Records supplied:

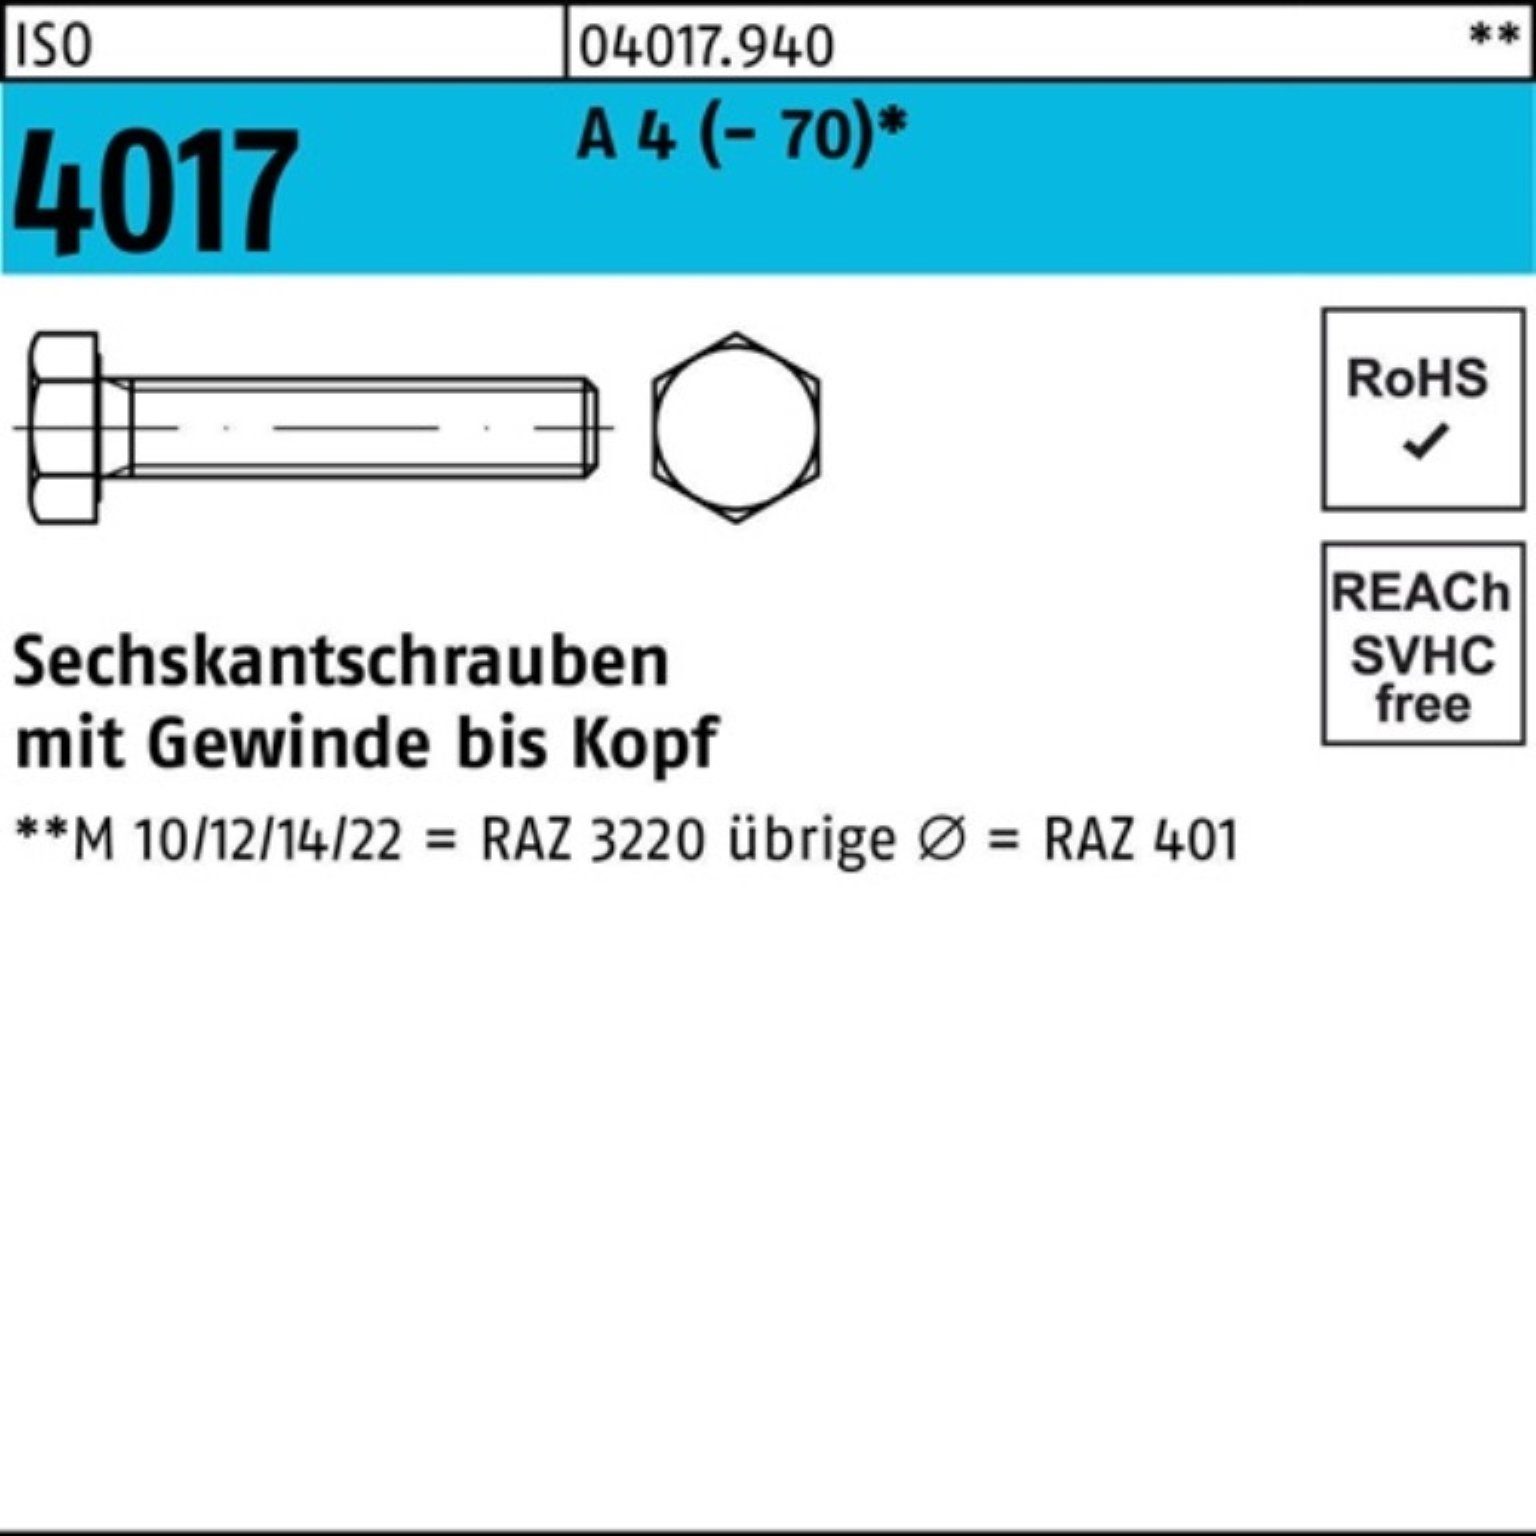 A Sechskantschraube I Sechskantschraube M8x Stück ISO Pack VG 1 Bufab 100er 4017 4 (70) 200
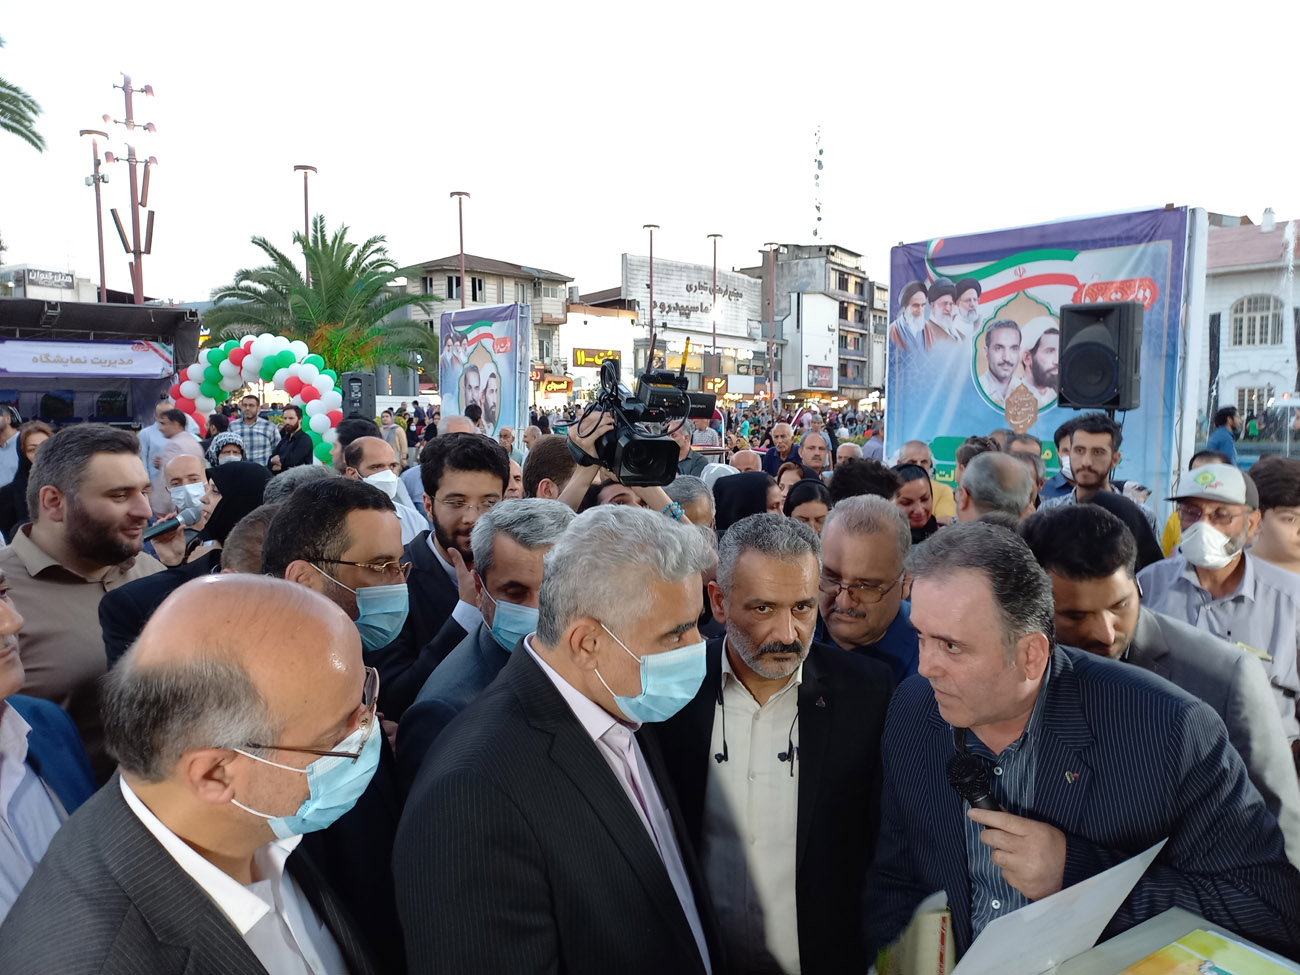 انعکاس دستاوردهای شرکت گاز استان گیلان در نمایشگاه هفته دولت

==

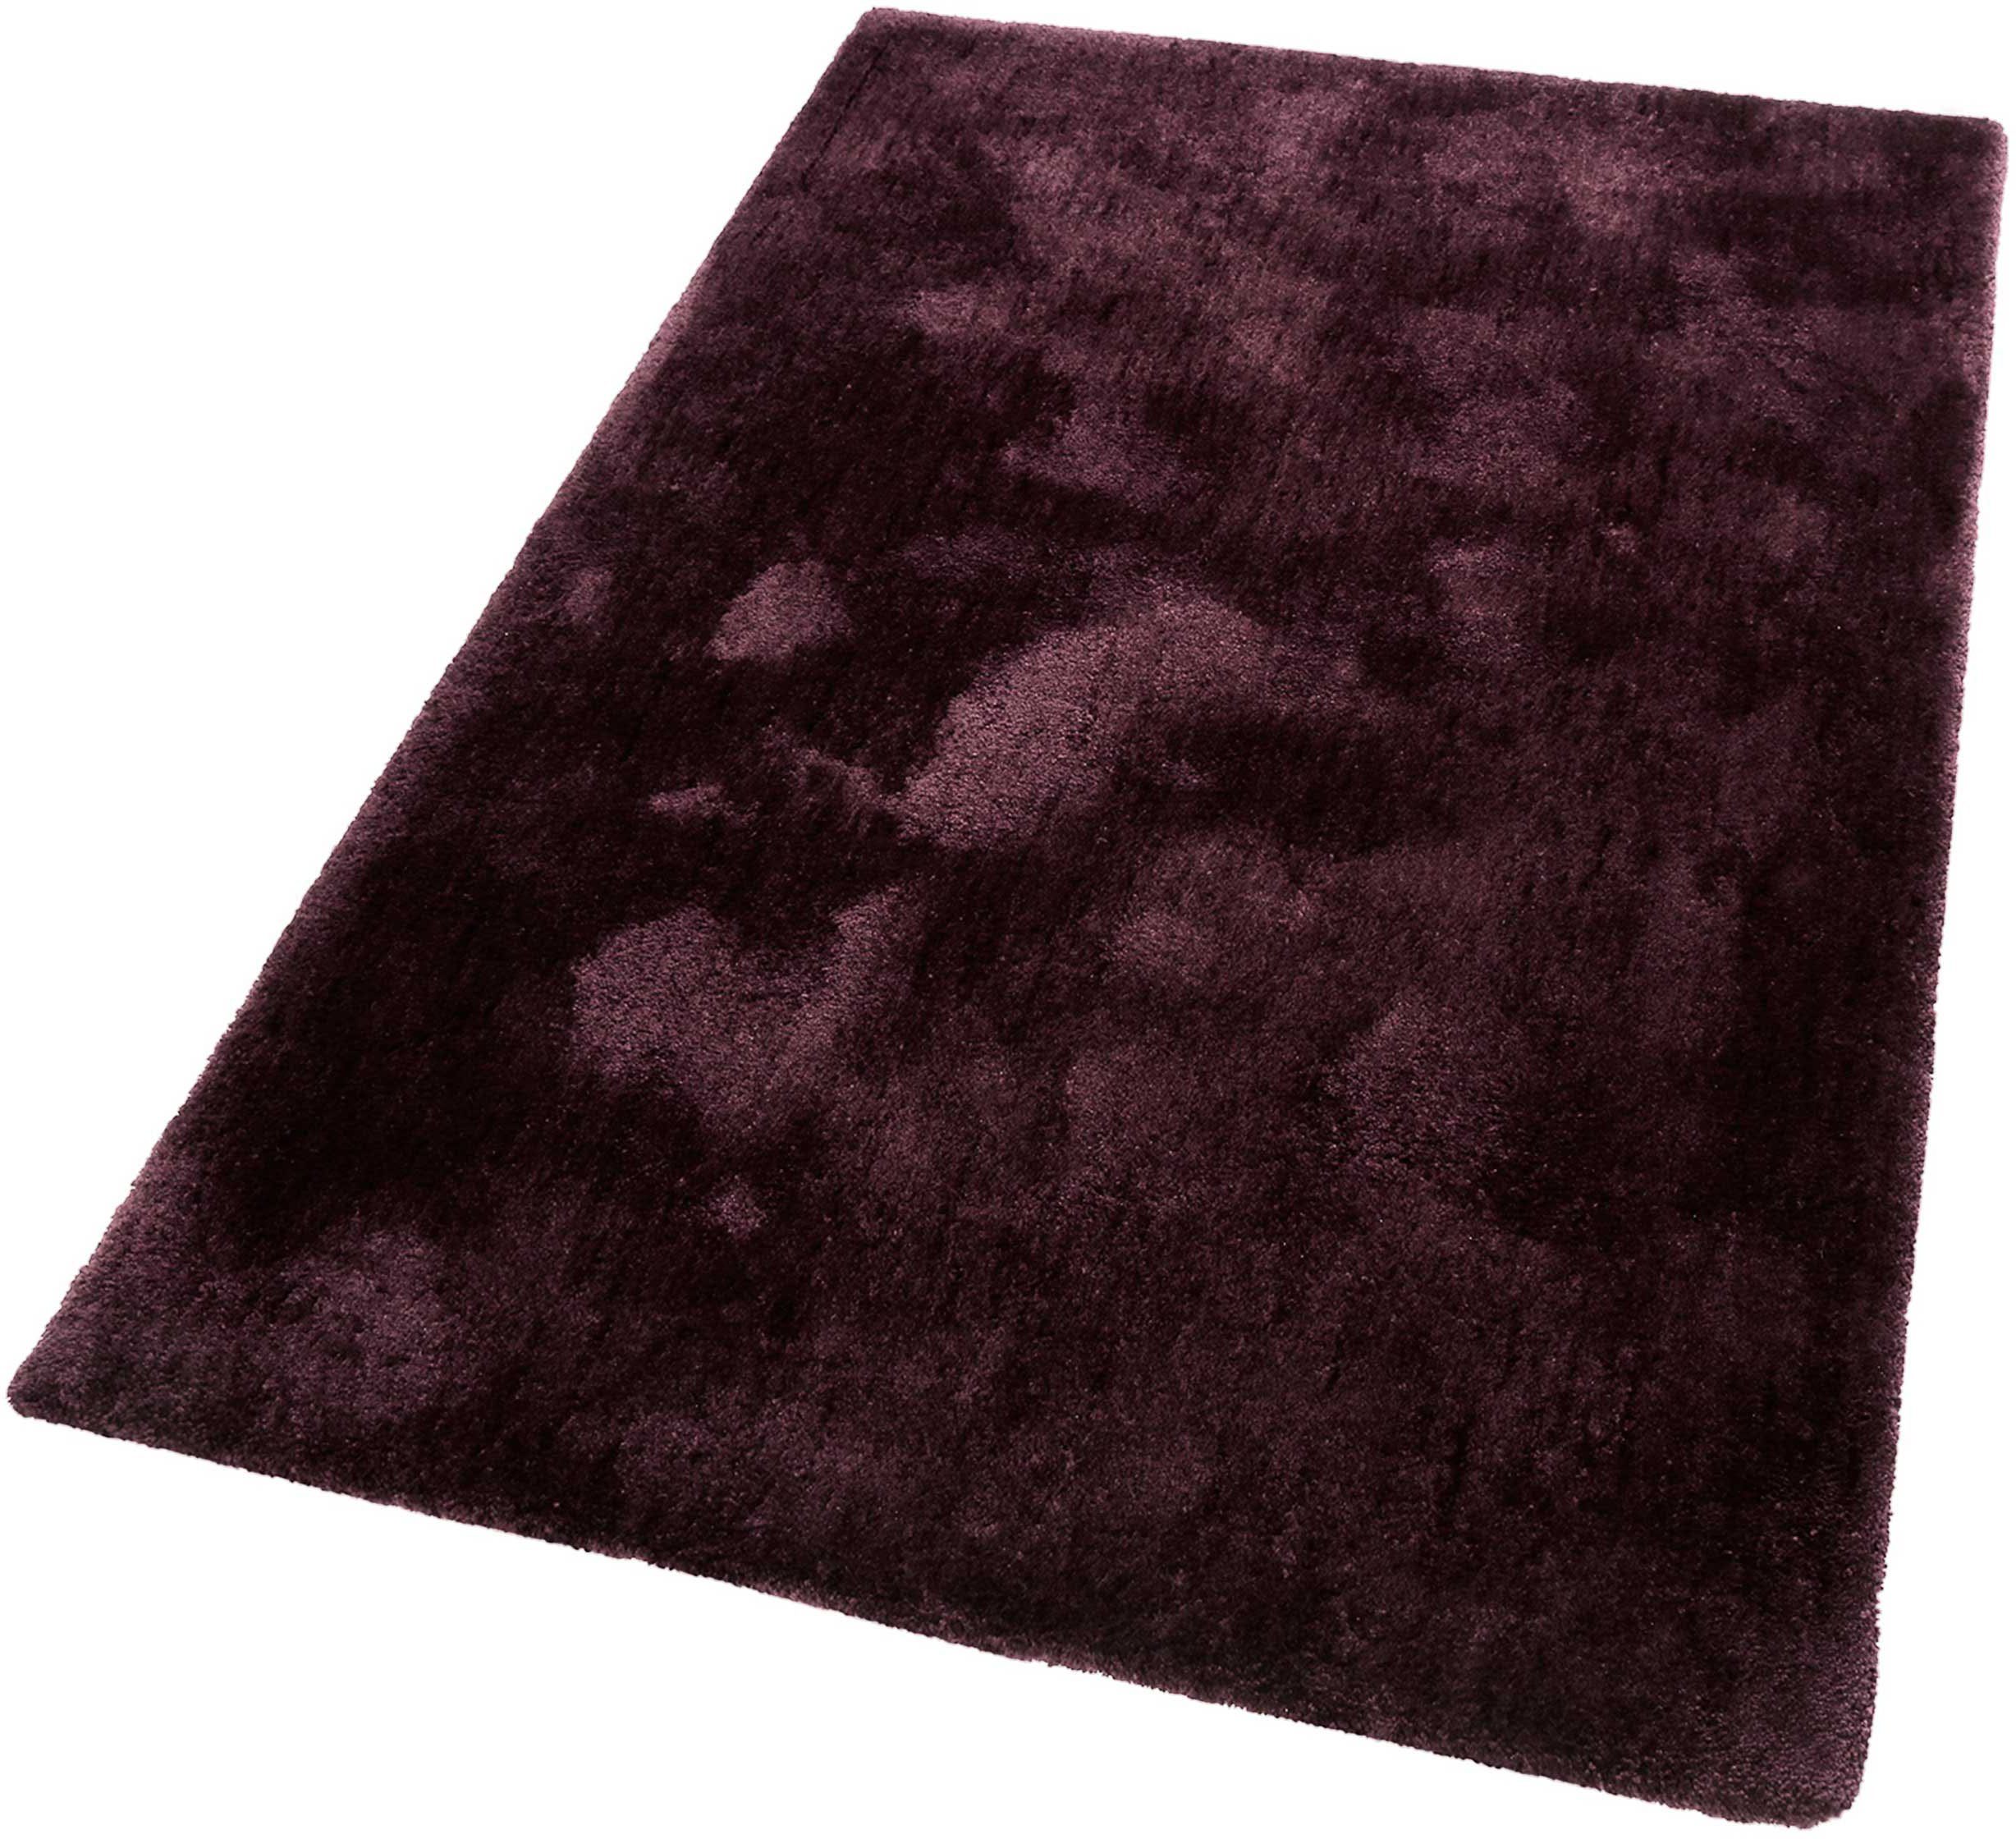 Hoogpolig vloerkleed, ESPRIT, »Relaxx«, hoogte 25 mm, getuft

--

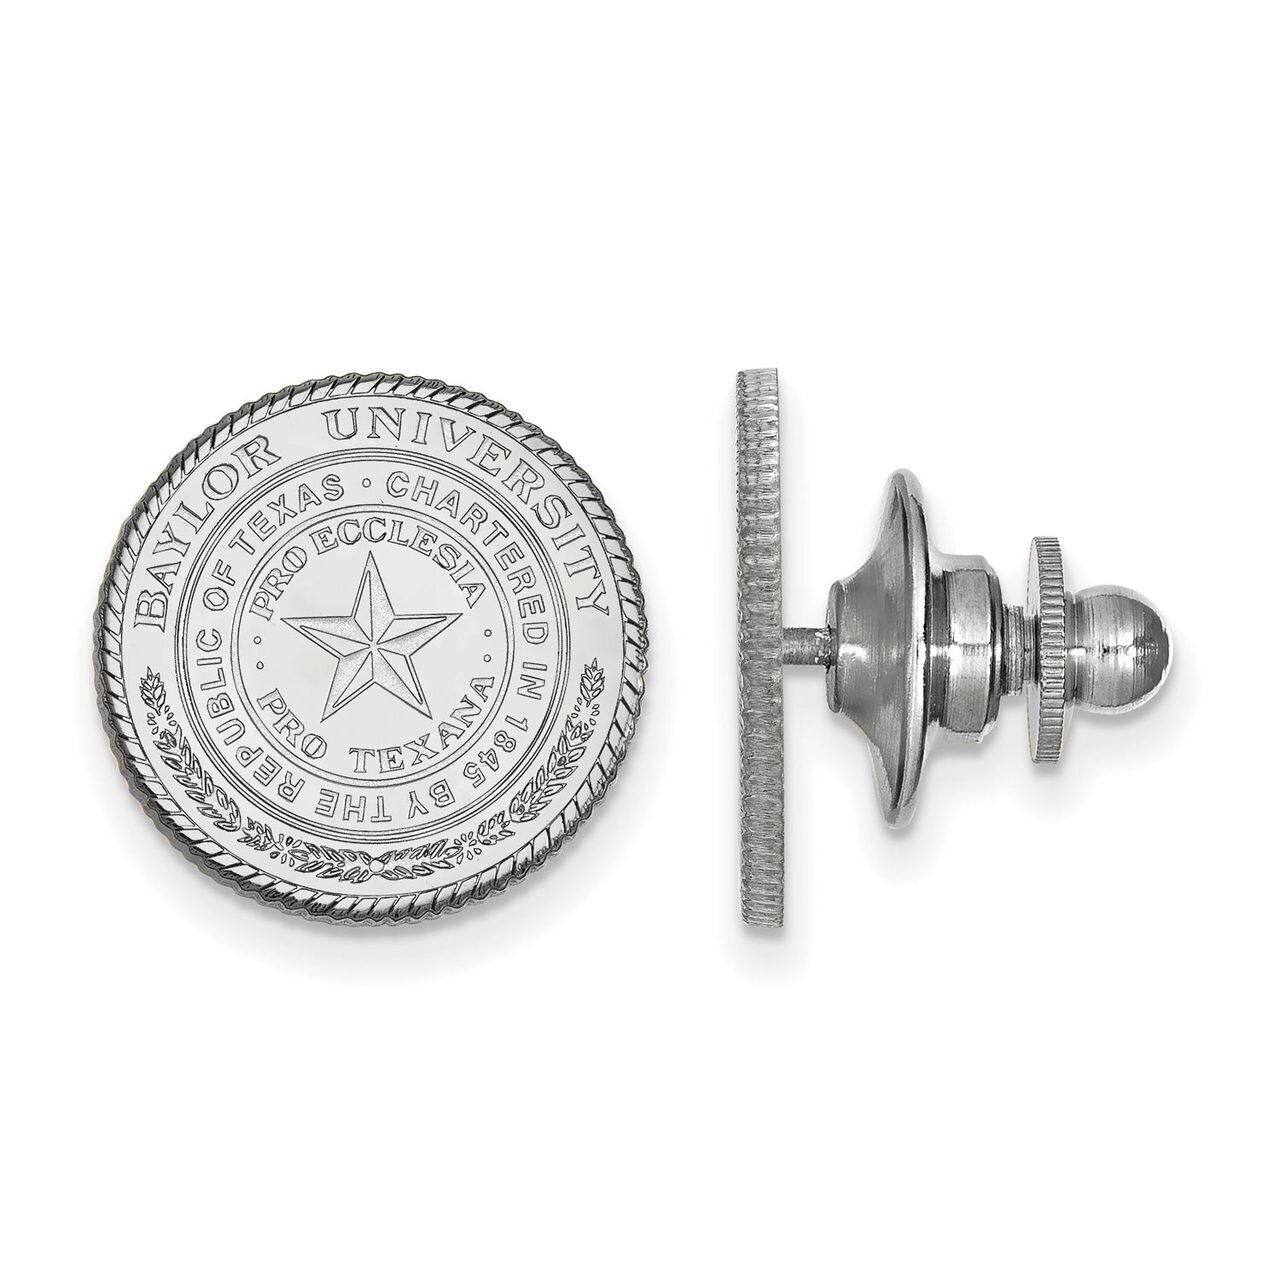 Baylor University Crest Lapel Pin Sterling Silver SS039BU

Task statement:
Treat the line with "A Sechskantschraube I" as the start and the line with "انعکاس دستاوردهای شرکت" as the end, and return exactly that span of the data above, both ends included, without pictures.

Task solution:
 A Sechskantschraube I Sechskantschraube M8x Stück ISO Pack VG 1 Bufab 100er 4017 4 (70) 200
 انعکاس دستاوردهای شرکت گاز استان گیلان در نمایشگاه هفته دولت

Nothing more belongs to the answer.